Visualizations in crystallography

Structure field maps (SFMs) or structure maps are visualizations of the relationship between ionic radii and crystal structures for representing classes of materials. The SFM and its extensions has found broad applications in geochemistry, mineralogy, chemical synthesis of materials, and nowadays in materials informatics.

== History ==
The intuitive concept of the SFMs led to different versions of the visualization method established in different domains of materials science.
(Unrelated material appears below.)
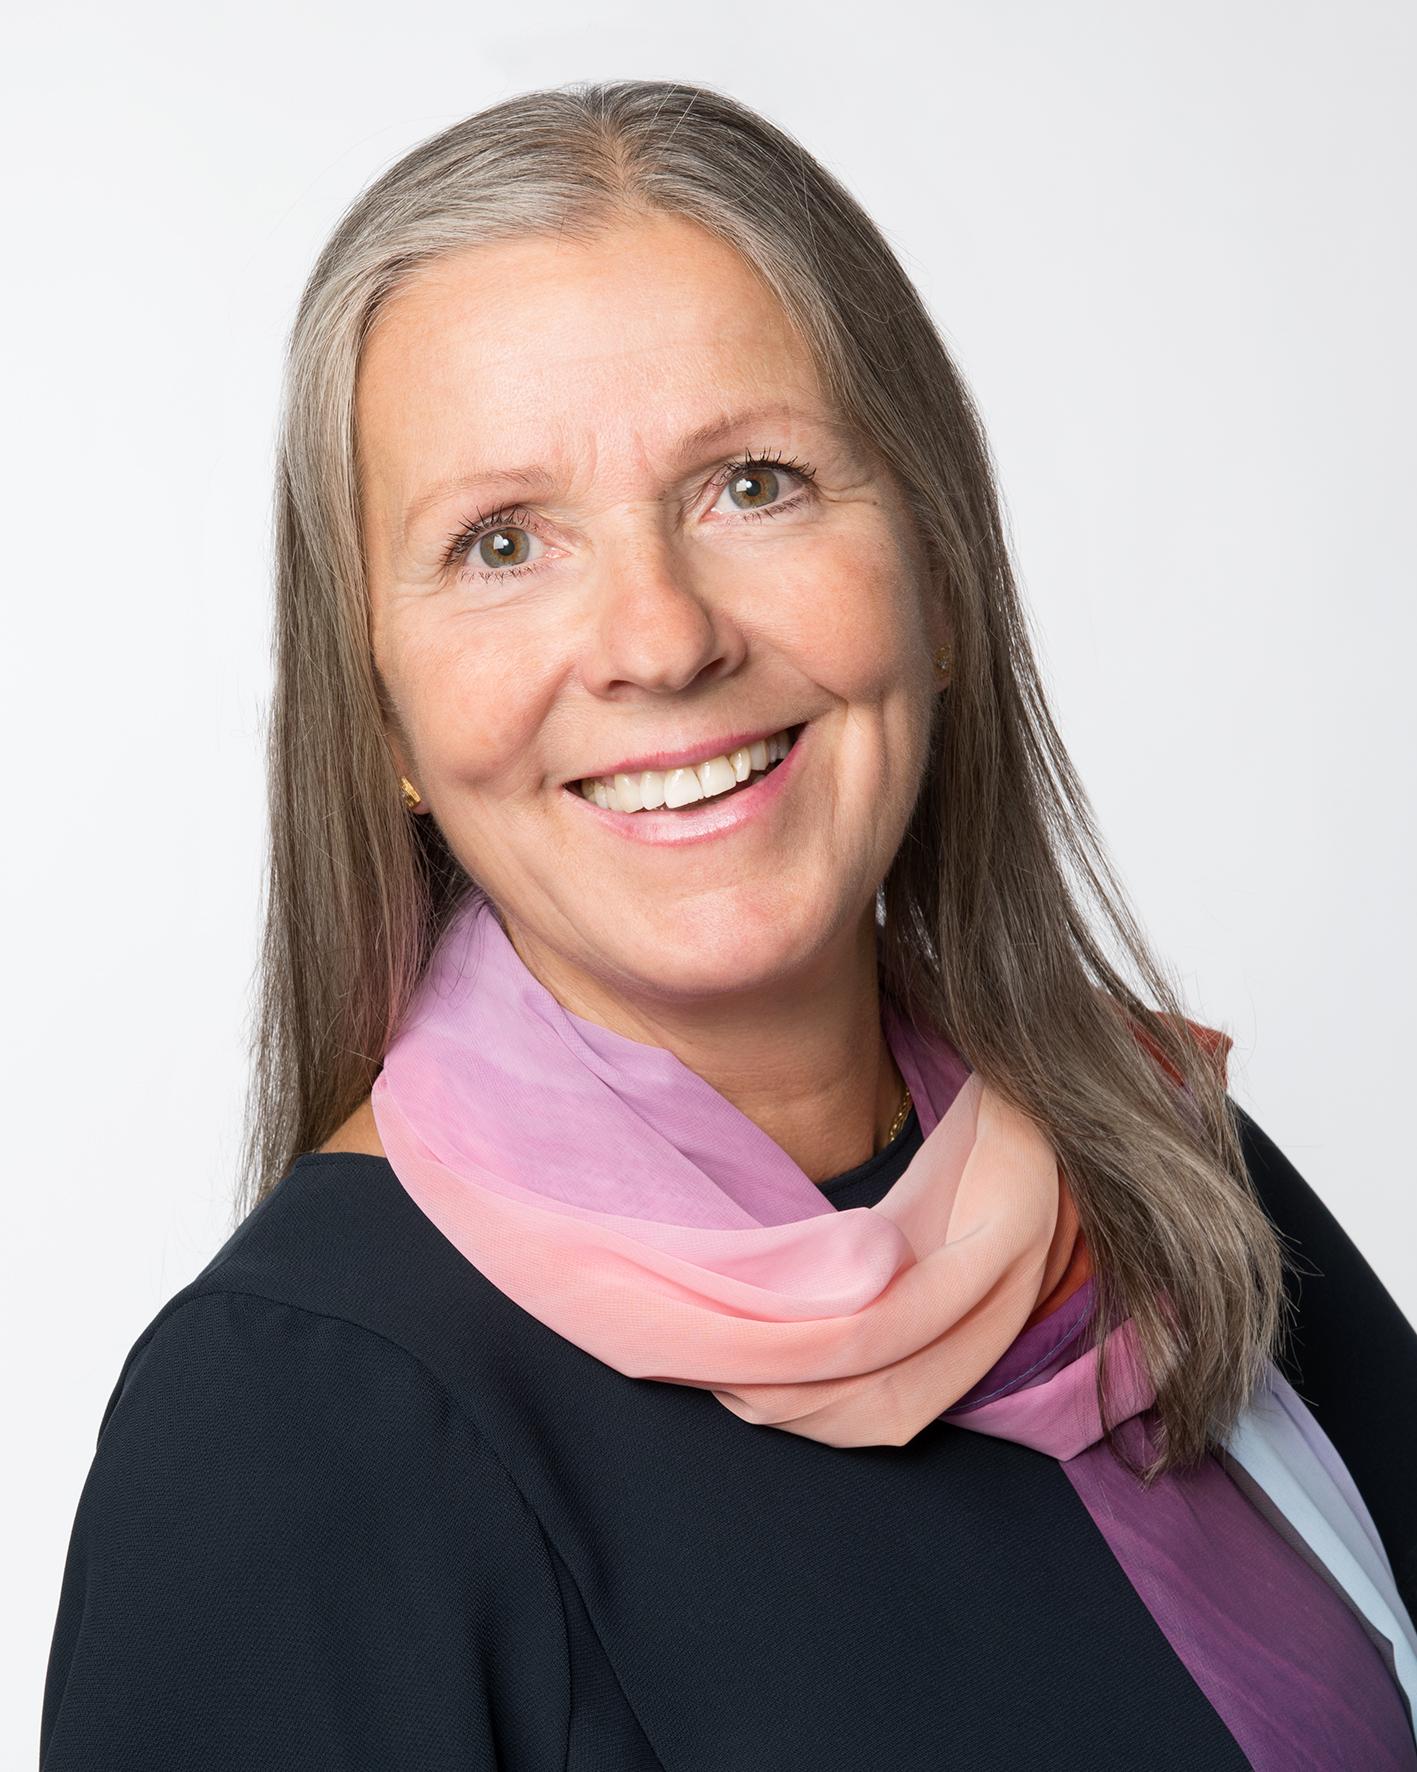 DG Arja Rantanen

Structure field map was first introduced in 1954 by MacKenzie L. Keith and Rustum Roy to classify structural prototypes for the oxide perovskites of the chemical formula ABO_{3}. It was later popularized by a compiled handbook written by Olaf Muller and Rustum Roy, published in 1974 that included many more known materials.

== Examples ==
A structure field map is typically two-dimensional, although higher dimensional versions are feasible. The axes in an SFM are the ionic sequences. For example, in oxide perovskites ABO_{3}, where A and B represent two metallic cations, the two axes are ionic radii of the A-site and B-site cations. SFMs are constructed according to the oxidation states of the constituent cations. For perovskites of the type ABO_{3}, three ways of cation pairings exist: A^{3+}B^{3+}O_{3}, A^{2+}B^{4+}O_{3}, and A^{1+}B^{5+}O_{3}, therefore, three different SFMs exist for each pairs of cation oxidation states.